Given a directed graph $G = (V, E)$ and an edge $e \in E$, I'm trying to come up with an algorithm to construct the minimum induced subgraph $H$ of $G$ with the property that every circuit in $G$ that traverses $e$ is in also in $H$.

As an example, suppose graph $G$ has vertices $V = \{1,2,3,4\}$ and edges $\{(1,2), (2,1), (2,3), (3,2), (3,1), (2,4), (4,3)\}$, and $e = (4, 3)$. The subgraph $H$ that the algorithm should output consists of the two circuits $2,4,3,2$ and $2,4,3,1,2$.

Of course, this problem can be solved by enumerating all circuits of $G$, but I'm hoping that someone here can come up with something better (that is, with strongly polynomial complexity, in the size of the graph) than that.

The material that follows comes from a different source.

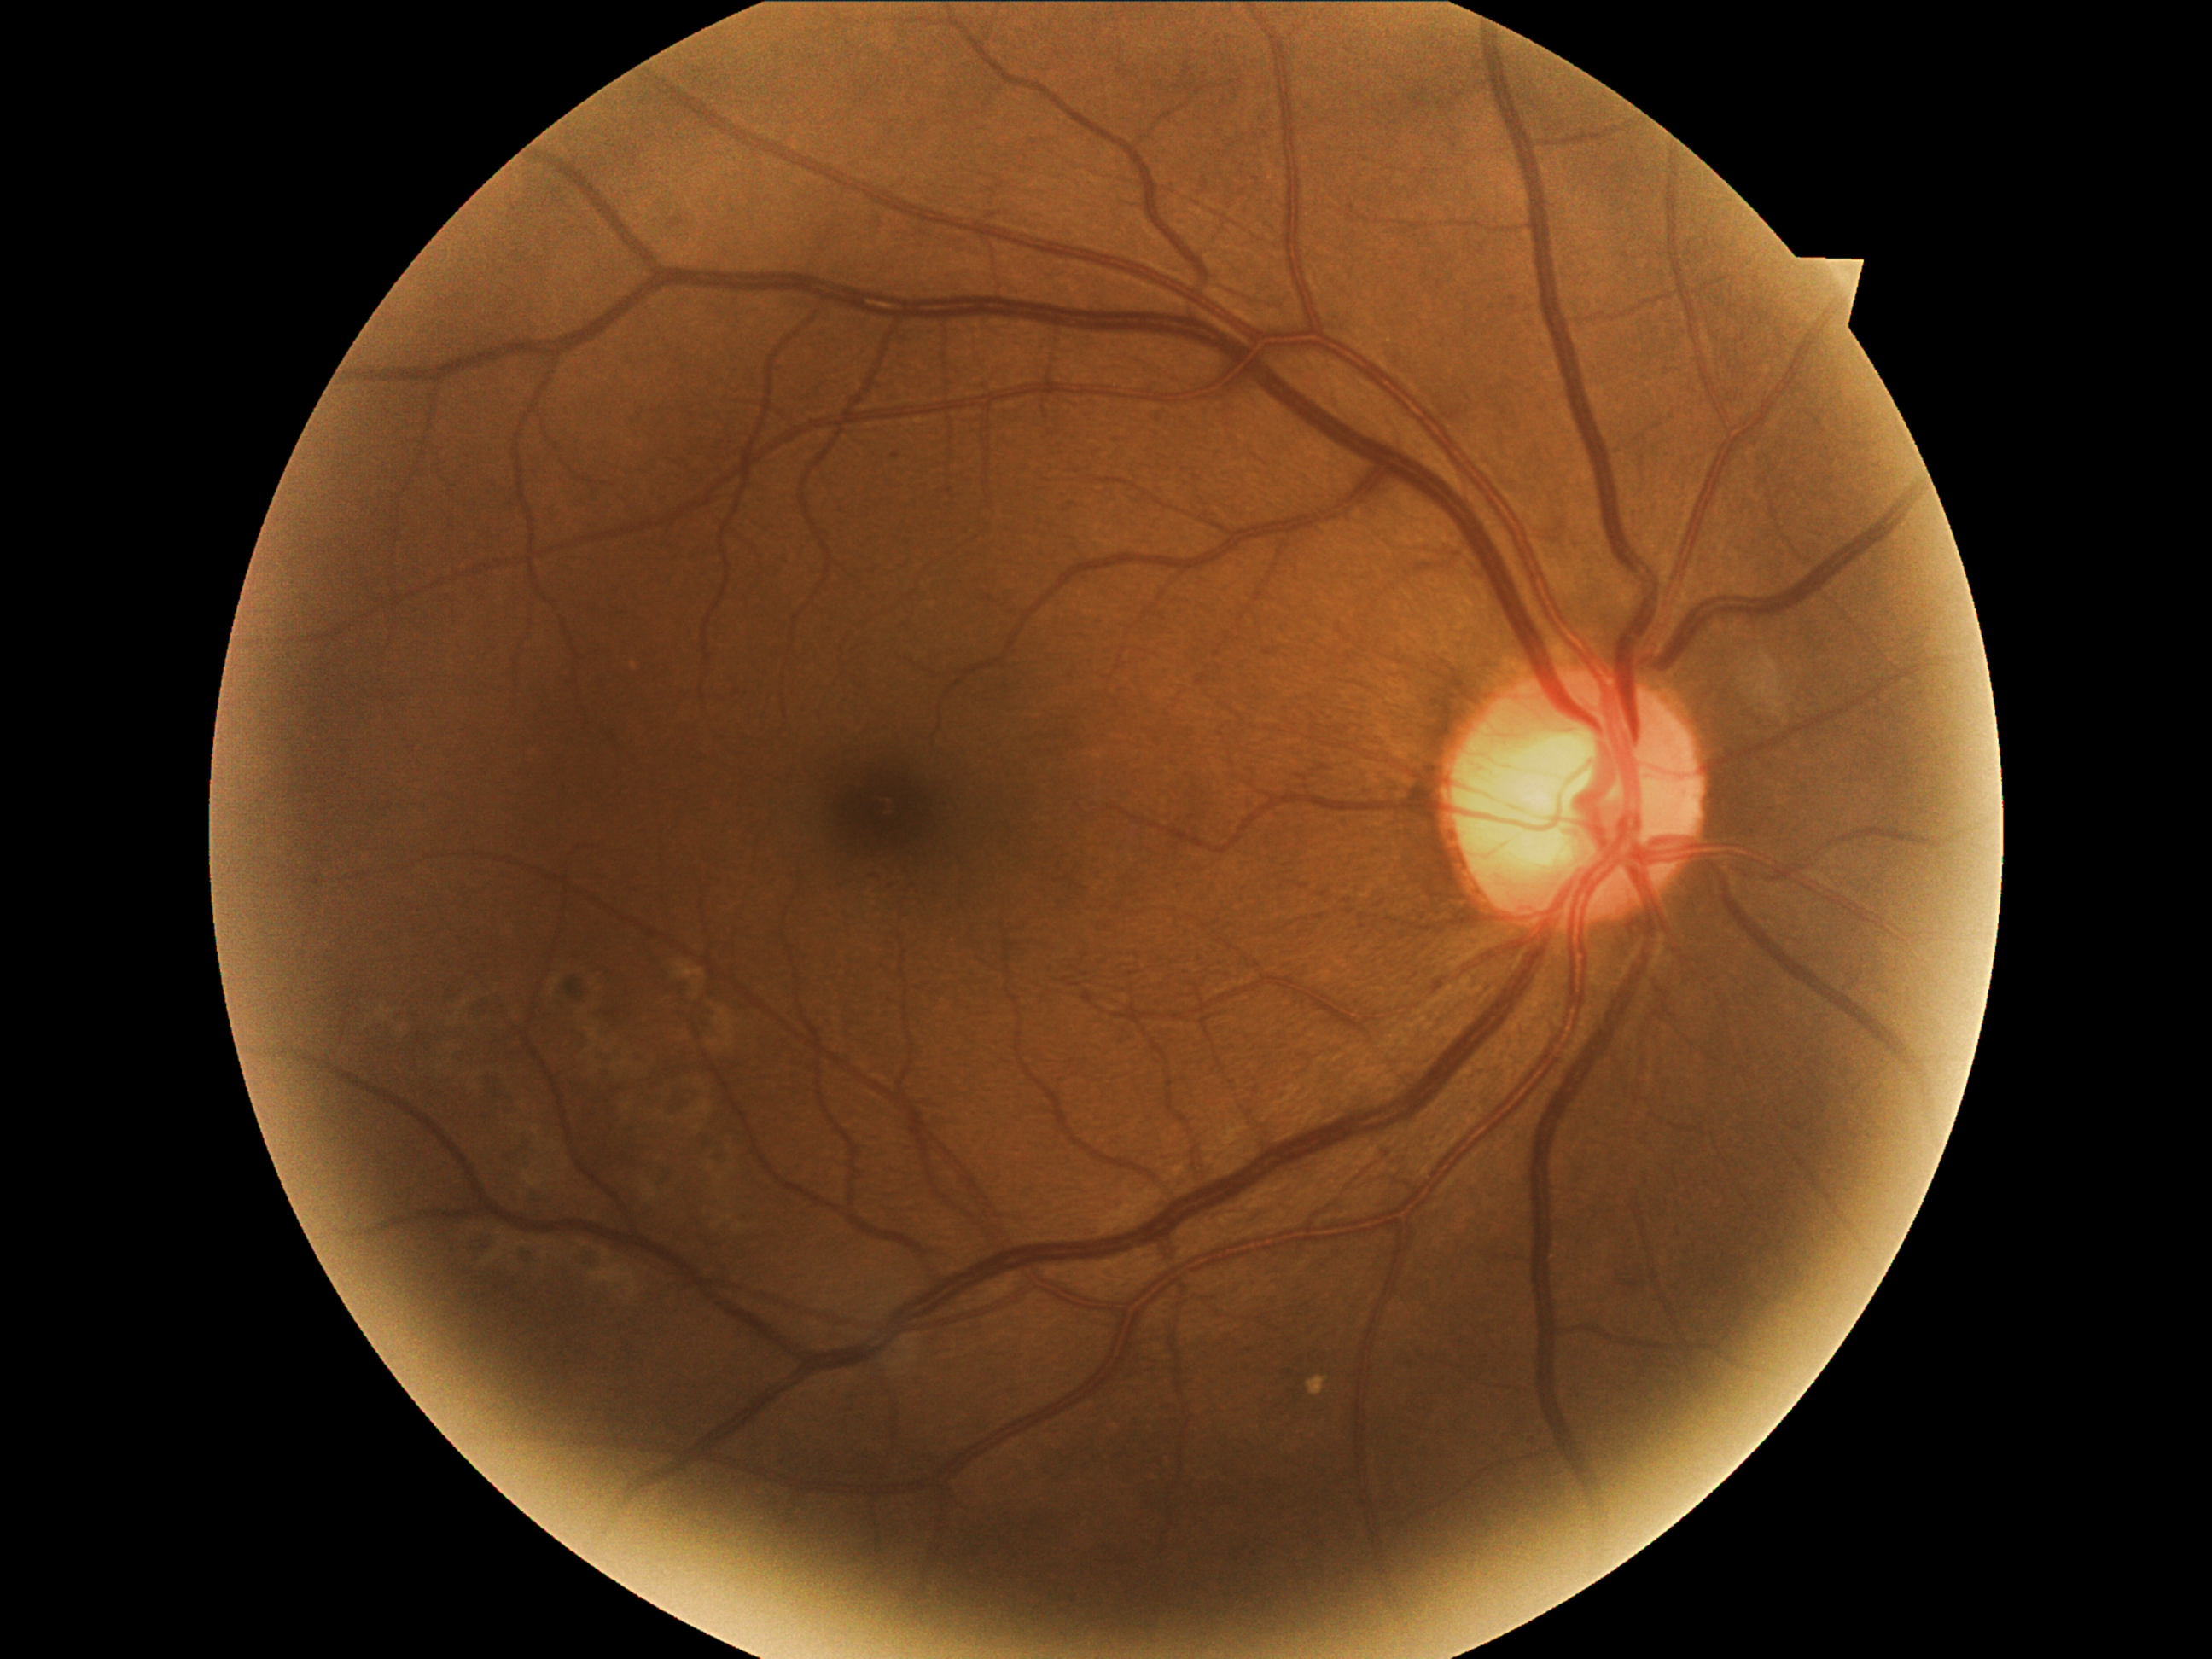 A retinal image

EDIT: I just found this post that solves the problem for undirected graphs, but it doesn't provide any directions for directed graphs. I don't see a straightforward generalisation to directed graphs from that post.

Asked By : robertdg

Answered By : Pål GD

It should be NP-complete to compute, given an arc $e = uv$ of a directed graph $D = (V,A)$ whether there is a cycle containing some vertex $w$ using the arc $e$. The instance to this problem is $(D,e,w)$.

By reducing from back-and-forth (two-disjoint paths from $a$ to $b$ and from $b$ to $a$), given an instance $(D',a,b)$ of back-and-forth, construct the instance $D$ where you make two copies of $a$, $a_1$ and $a_2$ and an arc going from $a_1$ to $a_2$. The constructed instance is $(D,(a_1a_2),b)$.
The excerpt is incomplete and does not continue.